March 2017
Have a WISHIN story you'd like to share? Let us know. 
"WISHIN is key to our backup processes"
Client Spotlight: Door County Medical Center
In the early hours of March 14th, the staff of Door County Medical Center (DCMC) was facing a nightmare situation: after a routine planned data migration, the hospital's electronic health record (EHR) system failed to restore.

"Our IT staff worked very closely with the EHR vendor and for the first several hours it seemed success was [going to happen] within the hour," said Nancy Davis, Director of Compliance and Safety at DCMC, "However, by late morning temporary measures were wearing thin."

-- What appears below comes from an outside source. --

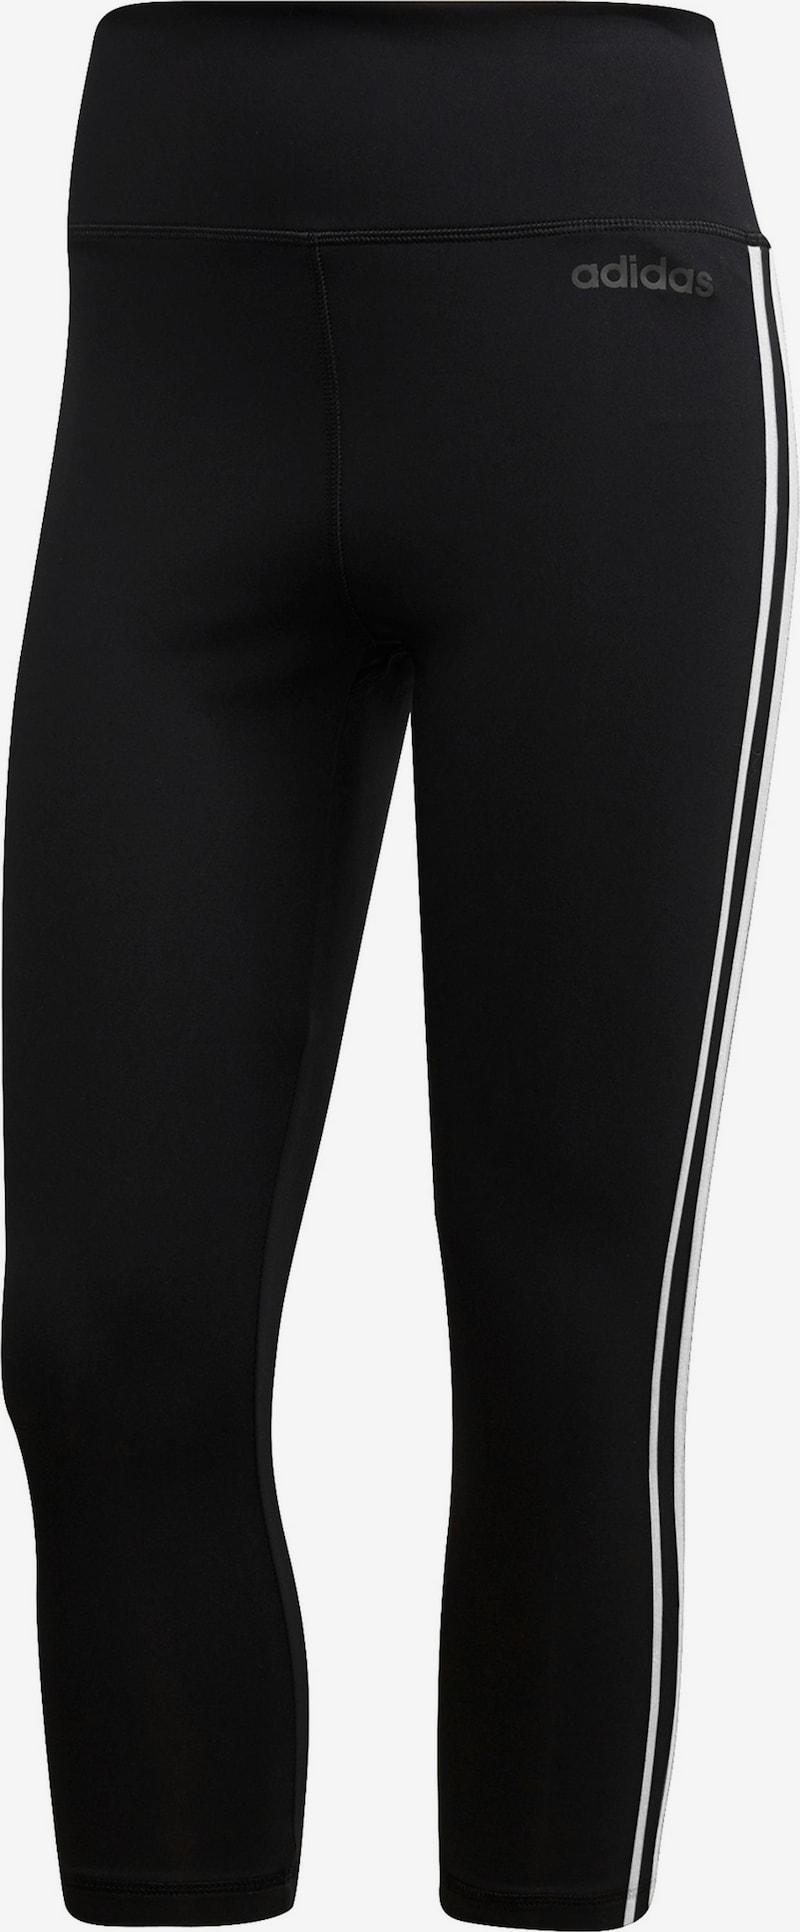 ADIDAS PERFORMANCE Sportbroeken voor dames online shoppen

Under the direction of DCMC's leadership the decision was made to activate the Incident Command Team under the Emergency Preparedness Plan. This ad hoc team is made of key stakeholders impacted by the emergency (hospital leaders, staff, providers, IT, HIM, etc.). The Incident Command Team set up operations and began to strategize and access backup processes to mitigate the situation and ensure continuity of patient care. While the EHR system was "down," staff and providers moved to paper backup processes with pre-printed forms, handwritten notes, and blank folders.

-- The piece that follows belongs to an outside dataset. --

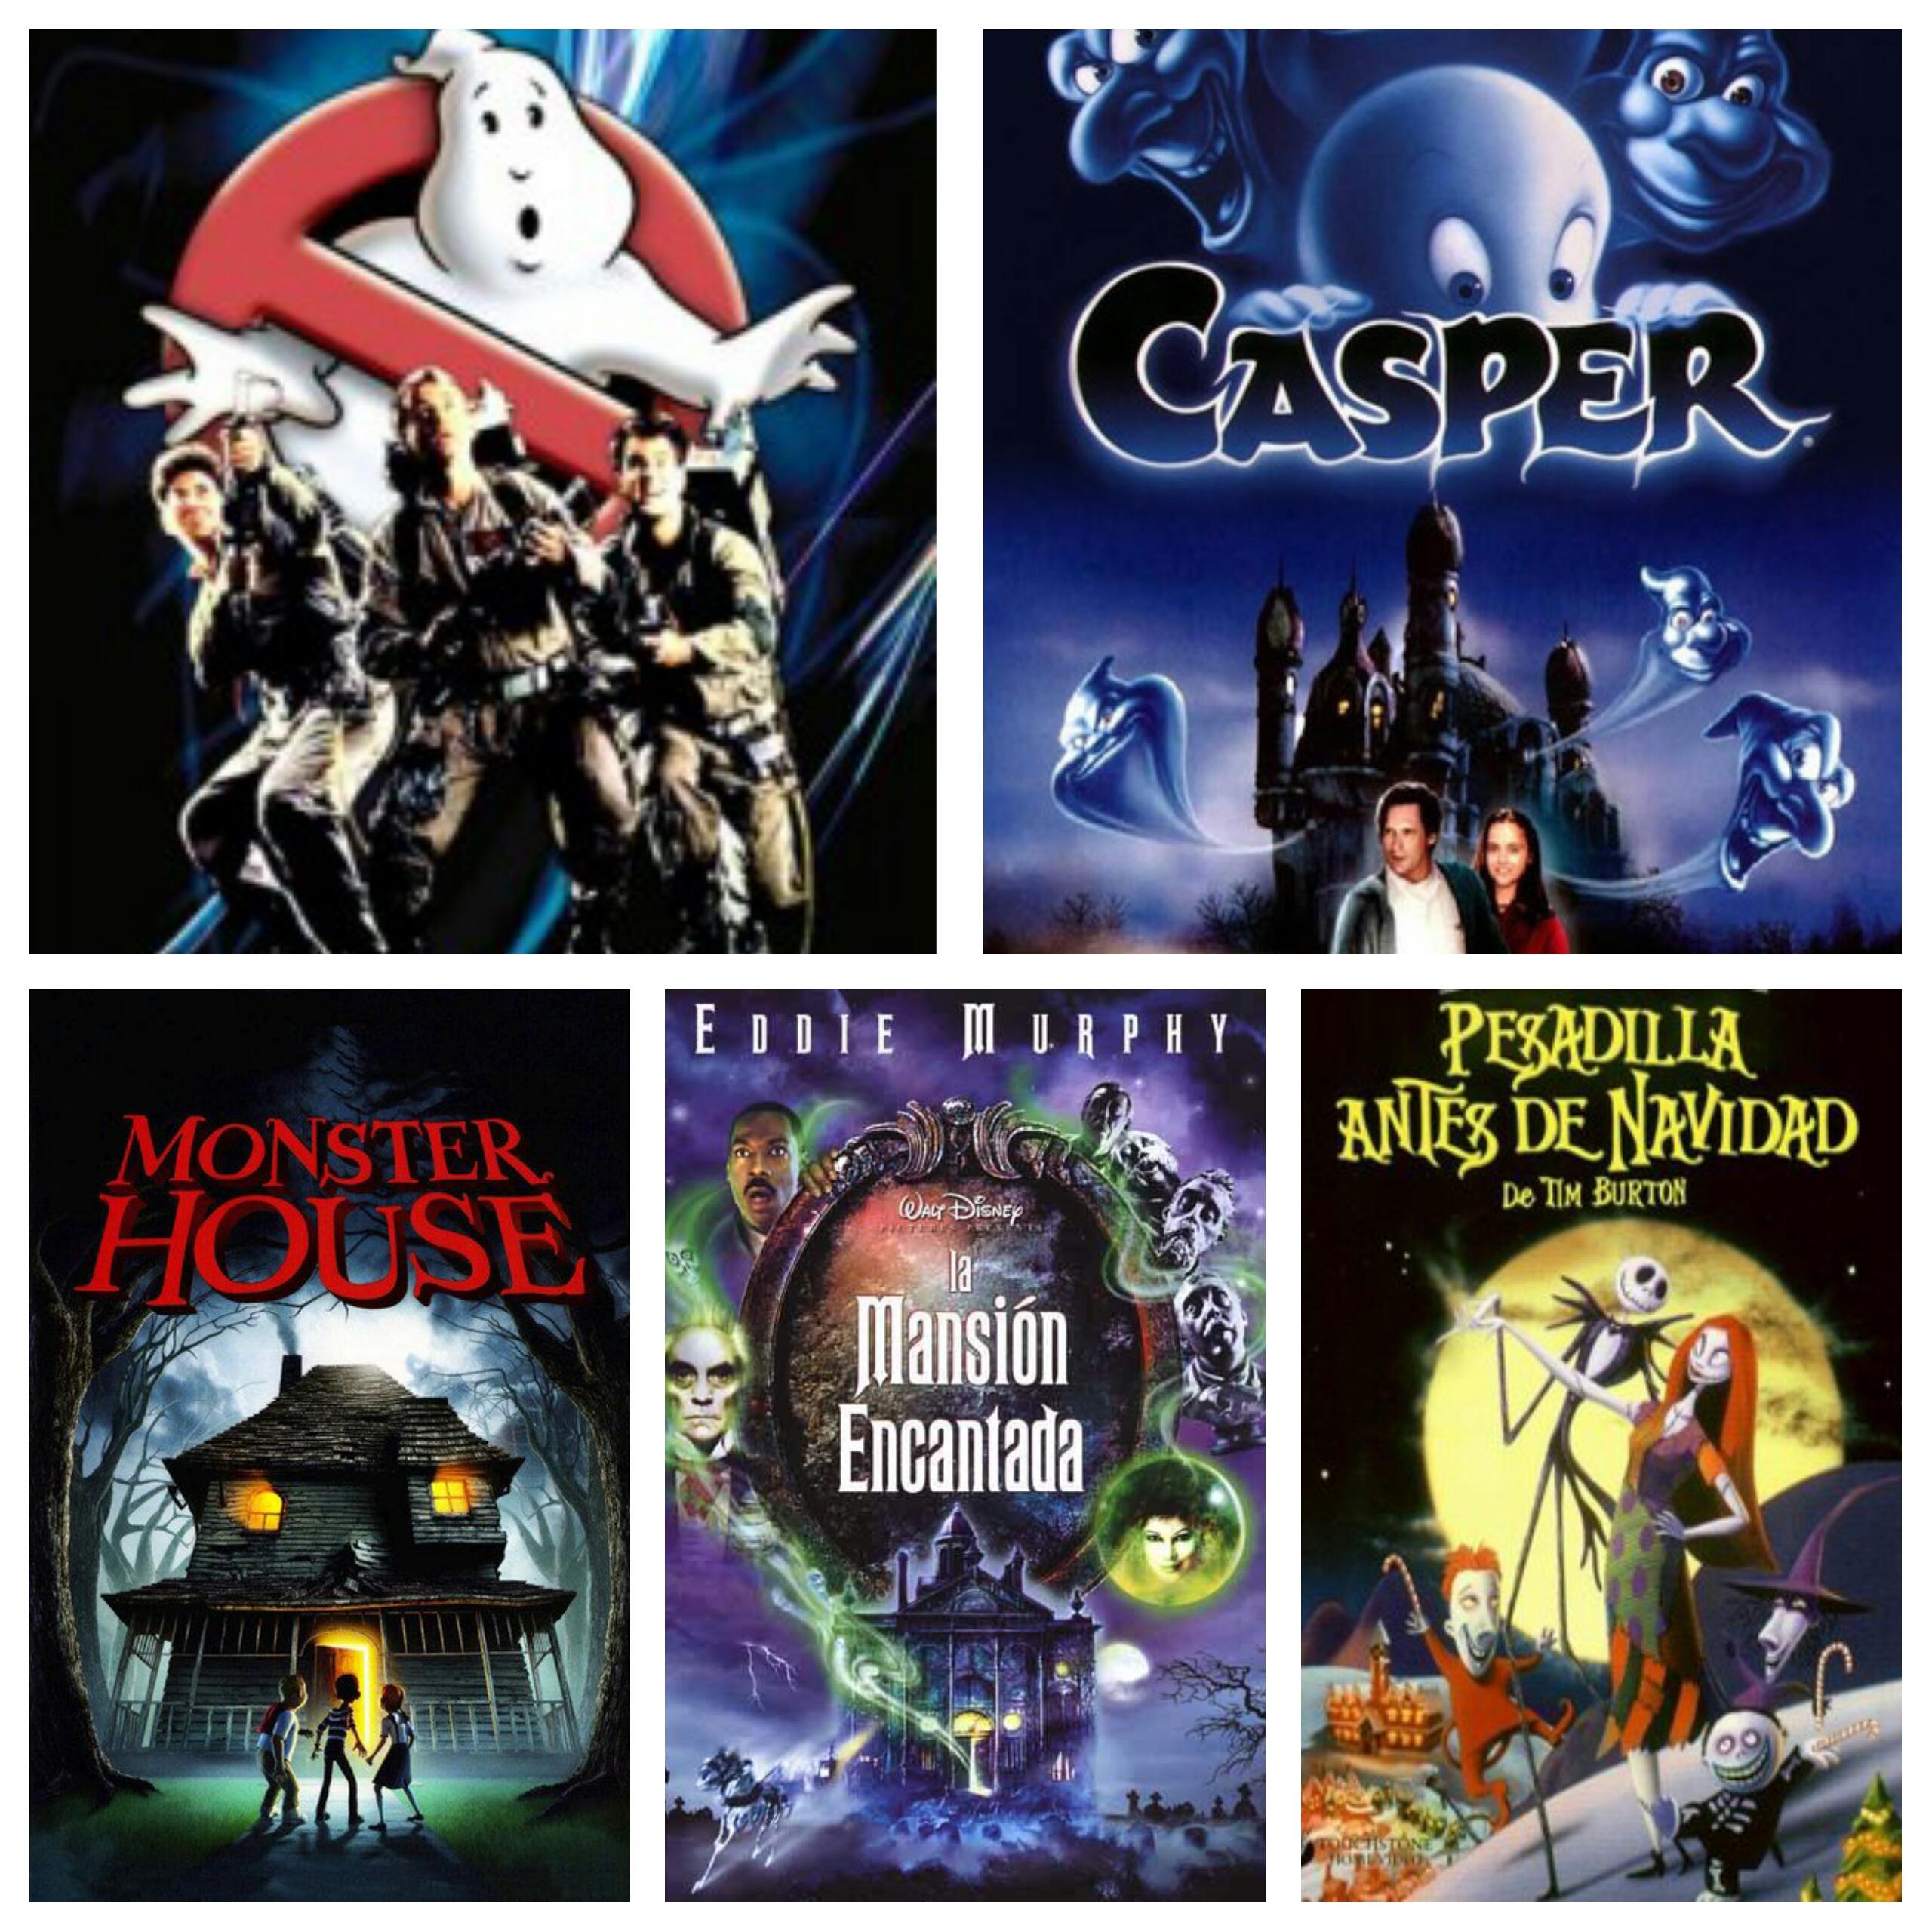 Películas para Halloween

Then they thought of WISHIN. DCMC has been sharing clinical data with the WISHIN network for two and a half years.  Why not use WISHIN Pulse as a temporary replacement for the clinical history stored within DCMC's EHR?

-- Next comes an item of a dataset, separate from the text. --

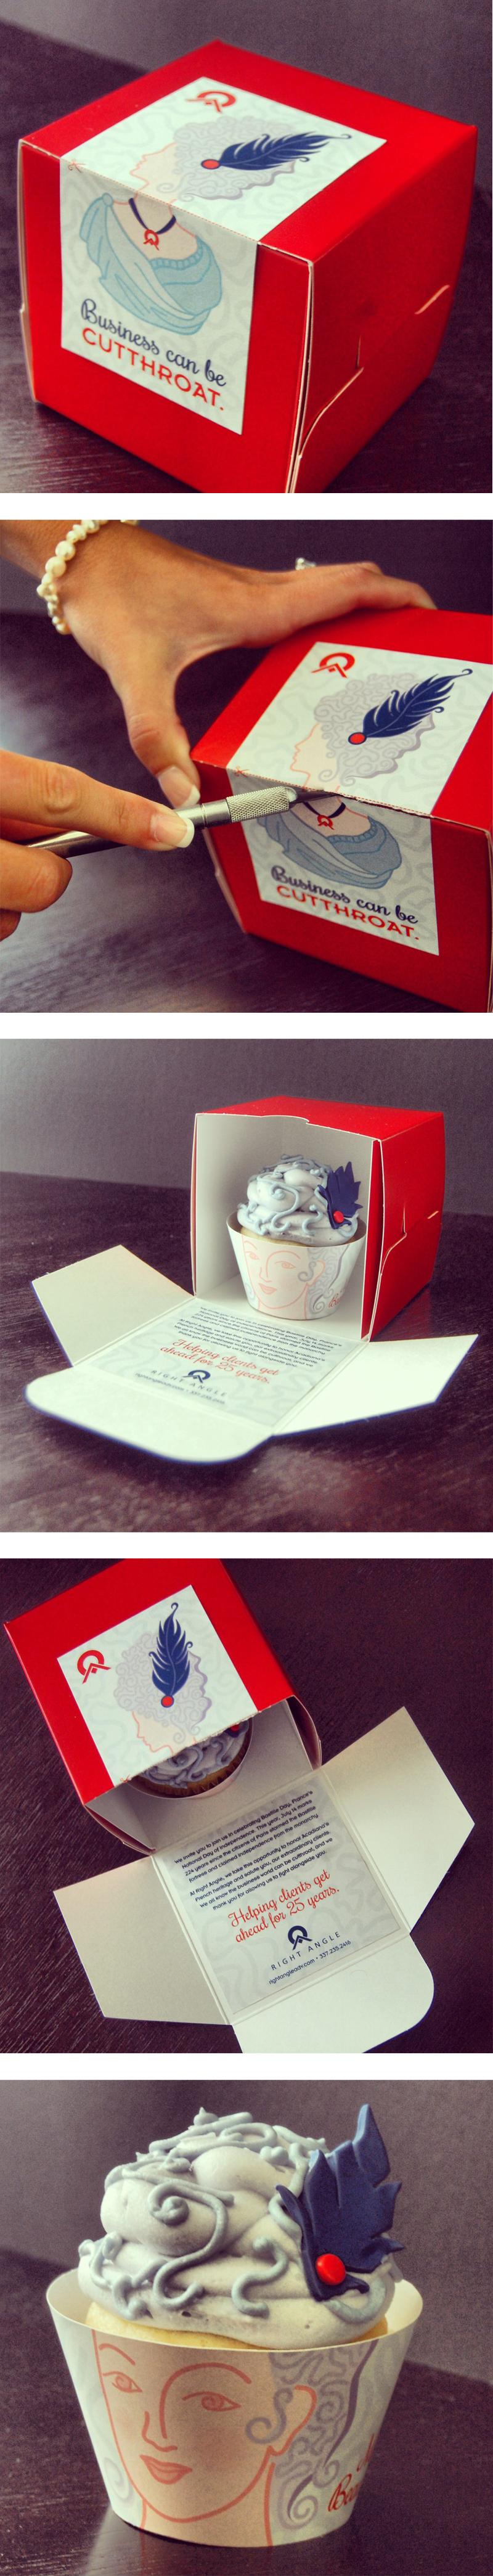 Right Angle Advertising Bastille Day Cupcake Www Rightangleadv Com Marie Antoinette Franc Creative Packaging Branding Design France National Day

"It was determined that facilitating clinic provider and staff access to WISHIN would be beneficial for [accessing] patient demographics including phone numbers, diagnostic studies, laboratory results, etc.," Davis said.

Although DCMC wasn't planning to go live with additional WISHIN Pulse end users that week, the crisis called for an expedited process. Laura Widder, WISHIN Project Director, gave Davis a crash course via webinar to instruct her how to set up new users.

"I was surprised at how quickly we could move forward with the information [Laura] provided," said Davis, "From that we were able to facilitate access [for] clinic providers and their staff quickly and the available information from WISHIN immediately solved problems with patient contacts, history, and diagnostic study availability."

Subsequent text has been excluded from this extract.